Ion channels are membrane bound proteins that mediate fast neural dynamics by selectively controlling the flow of charged ions across membranes. Most channels are embedded within compositionally complex neuronal membranes, whose detailed composition play important roles in regulating channel functions. Membranes can regulate channels directly, through the binding of specific components to sites within channel structures, or indirectly, by impacting the biophysical and biochemical processes evolved to regulate channel functions in their native environment. A mechanistic understanding of how membrane composition impacts channel functions is vital because changes in neuronal membrane composition are associated with normal development and neurological disease. The goal of the proposed studies is to test three distinct mechanisms through which compositionally complex membranes regulate channel function. The working hypothesis, supported by past collaborative work of the Pl and Col, is that some channel functions are regulated by emergent properties of their embedding membranes that occur because these membranes are heterogeneous. Guided by extensive preliminary data, three specific aims will be pursued: 1) Measure the functional coupling of channel states to membrane domains, 2) Establish how membrane domains impact the binding of allosteric regulators, and 3) Identify the roles of membrane domains within the broader regulatory environment of neurons.
The first aim experimentally tests a minimal model positing that single channel functions are allosterically regulated by domains within embedding membranes through tuning the availability of preferred local lipid environments.
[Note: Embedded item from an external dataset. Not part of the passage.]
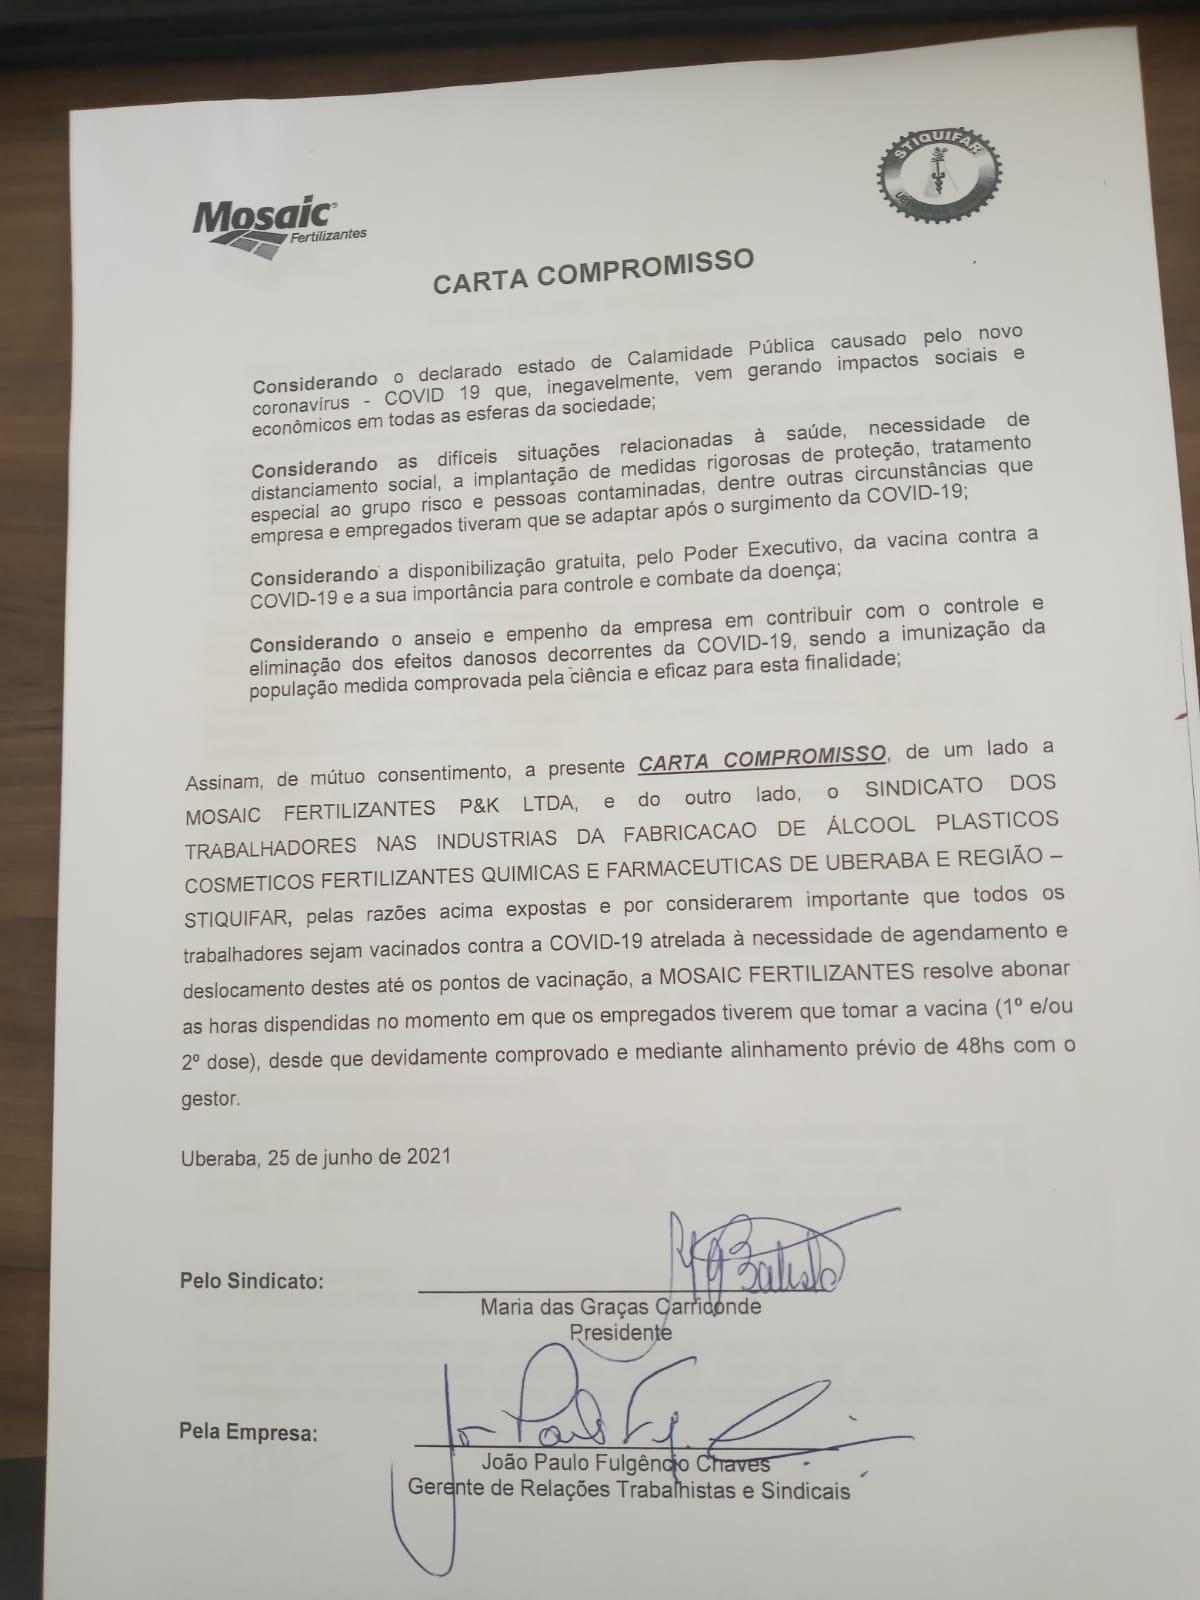 Stiquifar e Mosaic Fertilizantes firma compromisso de trabalhadores serem imunizados contra Covid-19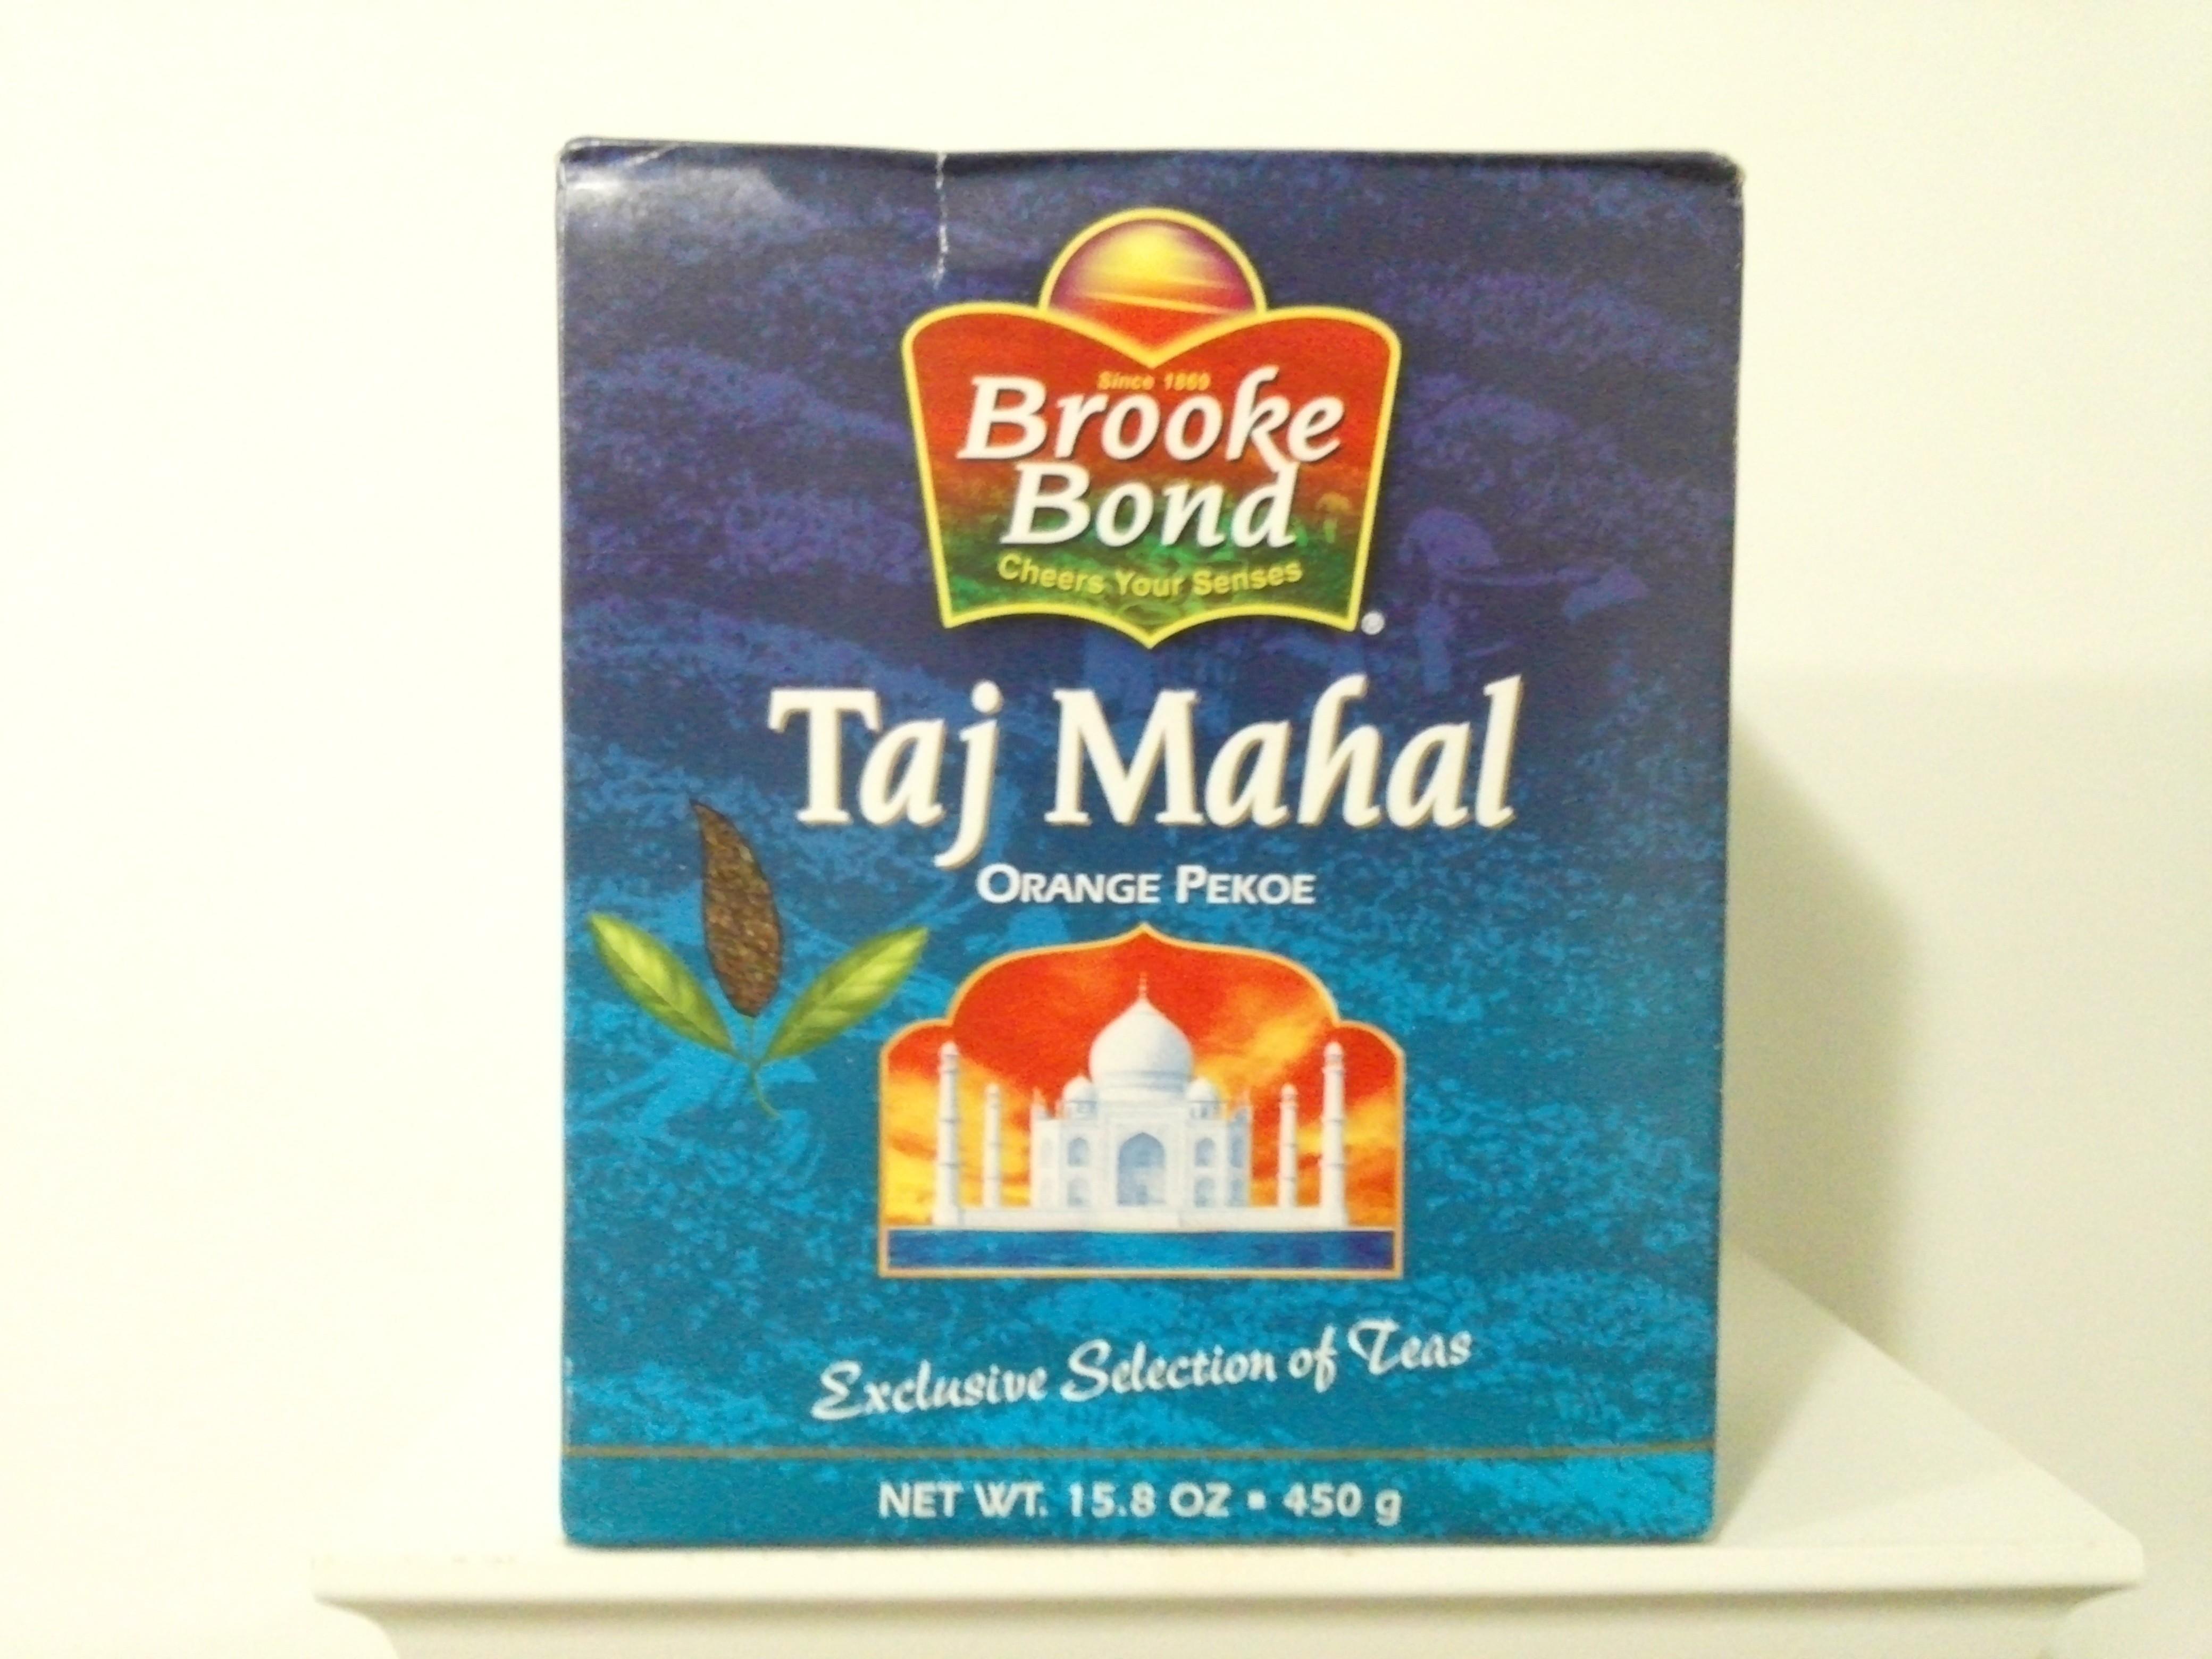 Brooke Bond Taj Mahal Tea 450 grm

The second aim explores how the chemical potential of known allosteric regulators such as cholesterol and phosphoinositide lipids are impacted by the same thermodynamic parameters that control properties of membrane domains.
The third aim i nvestigates how membrane domains impact the sorting of enzymes that participate in protein palmitoylation and tyrosine phosphorylation regulatory pathways occurring at neuronal synapses. Experimental approaches draw on the PIs expertise using quantitative super-resolution fluorescence localization microscopy techniques and are combined with functional studies, theory, and simulation to test and refine mechanistic models of isolated and collective channel functions. The proposed work is innovative because it applies predictive models of membrane organization that are novel to both the channel and membrane domain communities. A broadly applicable framework for describing how domains modulate channel functions will drive advances in neuroscience by providing new insights into the functional basis for membrane changes with development and neurological disease, will motivate more effective and targeted treatments for neurological disease, and will connect the molecular-scale behaviors of channels to larger questions in neuroscience through the collective actions of lipids and membrane domains.
The proposed research is relevant to human health because neurodegeneration and mental health disorders often involve the misregulation of proteins and lipids within neuronal synapses. This work seeks to decipher how heterogeneous membranes participate in synapse function and aims to provide novel strategies for the treatment of these diseases. The proposed research is relevant to the part of NIH?s mission that pertains to seeking fundamental knowledge that will help to prevent and treat these human illnesses.